• **Problem requirements**:
From the first line to the last, restate the data exactly, leaving out the images.

• **Provided material**:

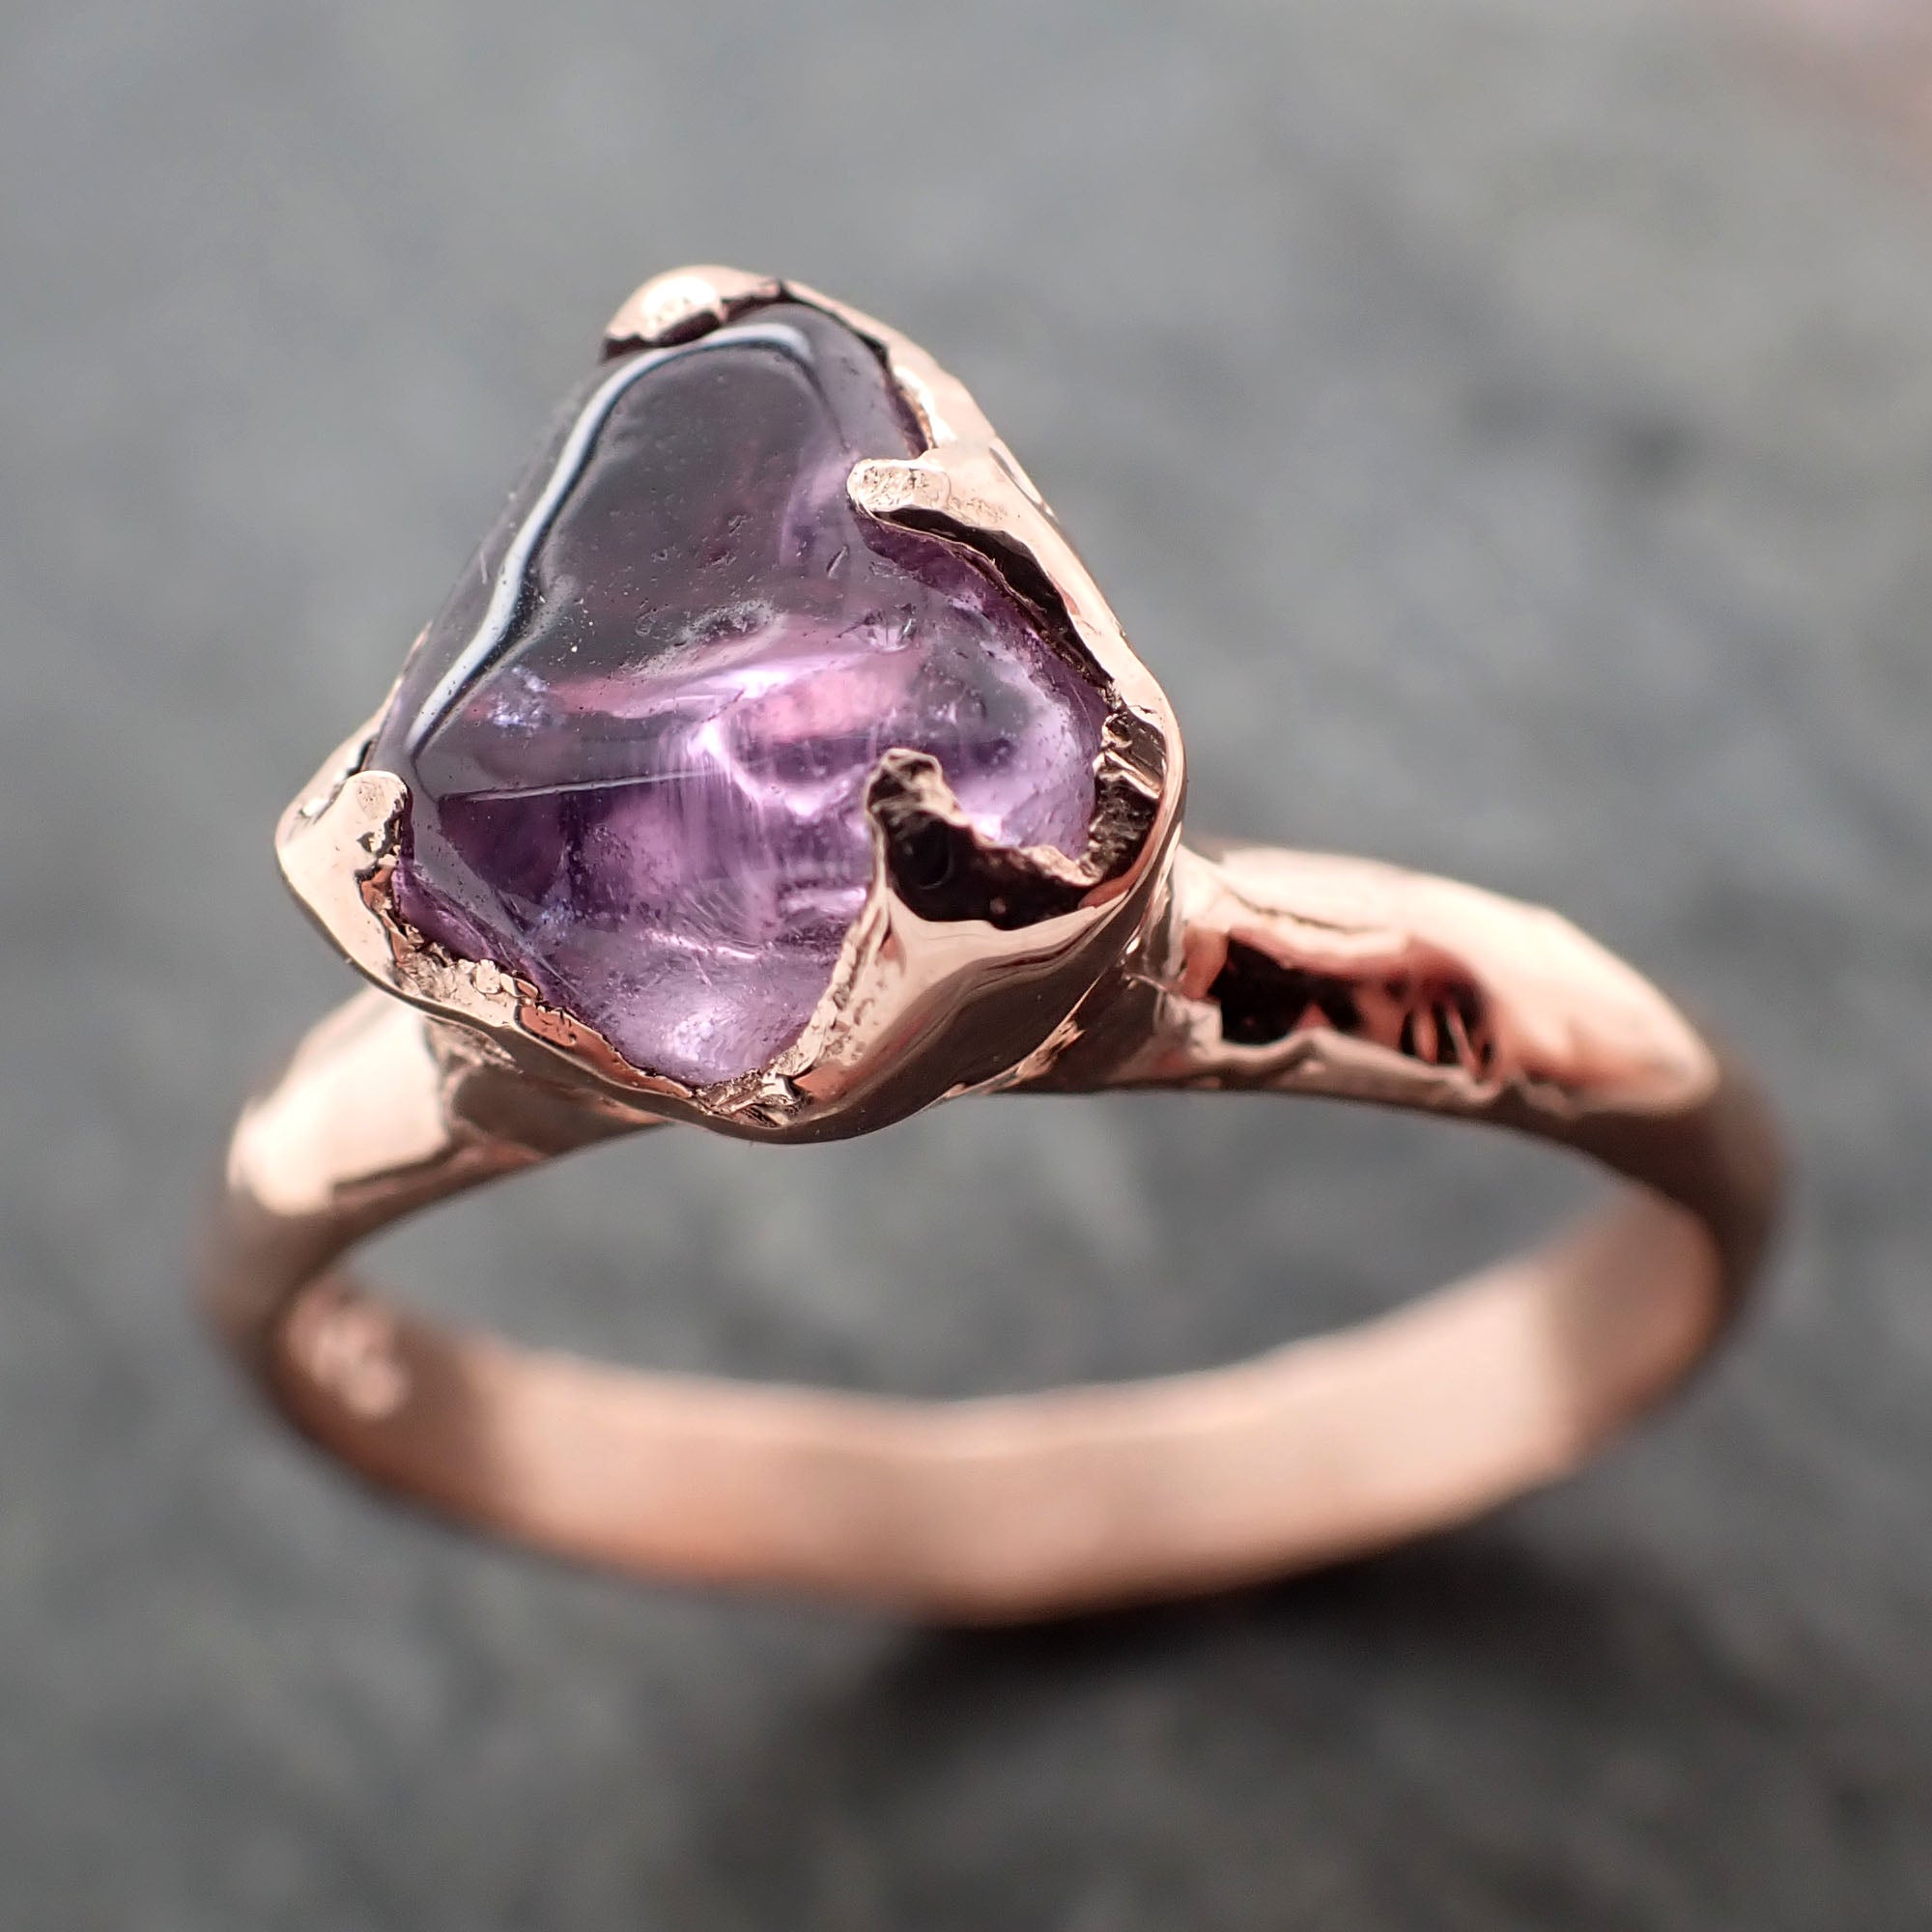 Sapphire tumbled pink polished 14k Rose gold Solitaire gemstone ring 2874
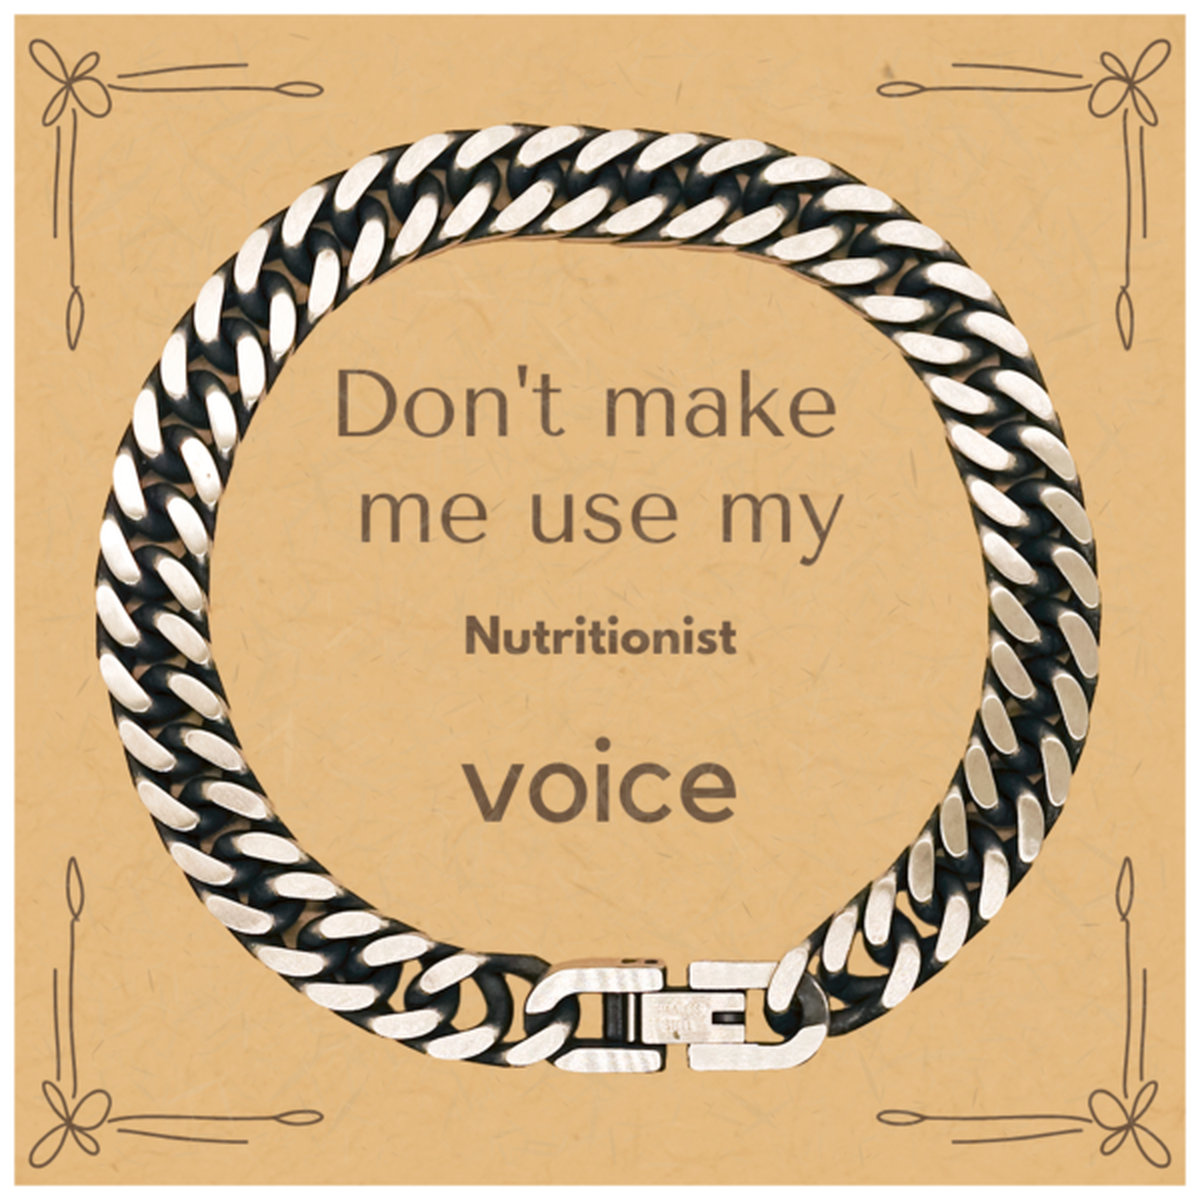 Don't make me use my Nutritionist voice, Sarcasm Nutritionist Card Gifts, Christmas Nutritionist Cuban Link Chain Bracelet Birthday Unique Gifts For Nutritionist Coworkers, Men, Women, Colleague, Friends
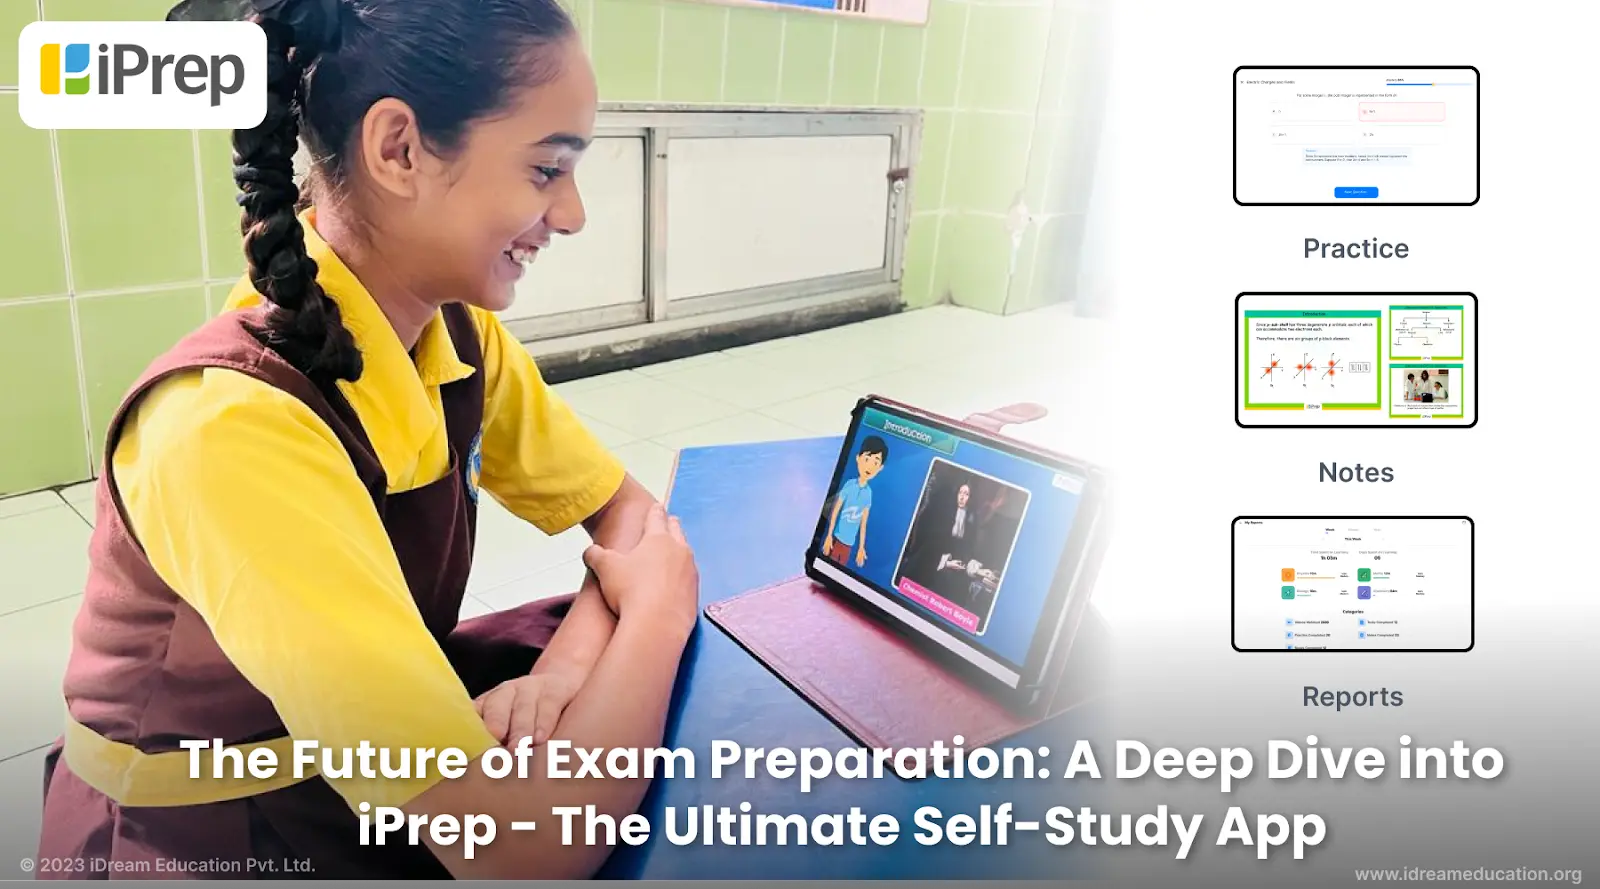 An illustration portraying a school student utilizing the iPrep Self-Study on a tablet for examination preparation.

• **Finished task**:
 Sapphire tumbled pink polished 14k Rose gold Solitaire gemstone ring 2874
 Don't make me use my Nutritionist voice, Sarcasm Nutritionist Card Gifts, Christmas Nutritionist Cuban Link Chain Bracelet Birthday Unique Gifts For Nutritionist Coworkers, Men, Women, Colleague, Friends
 An illustration portraying a school student utilizing the iPrep Self-Study on a tablet for examination preparation.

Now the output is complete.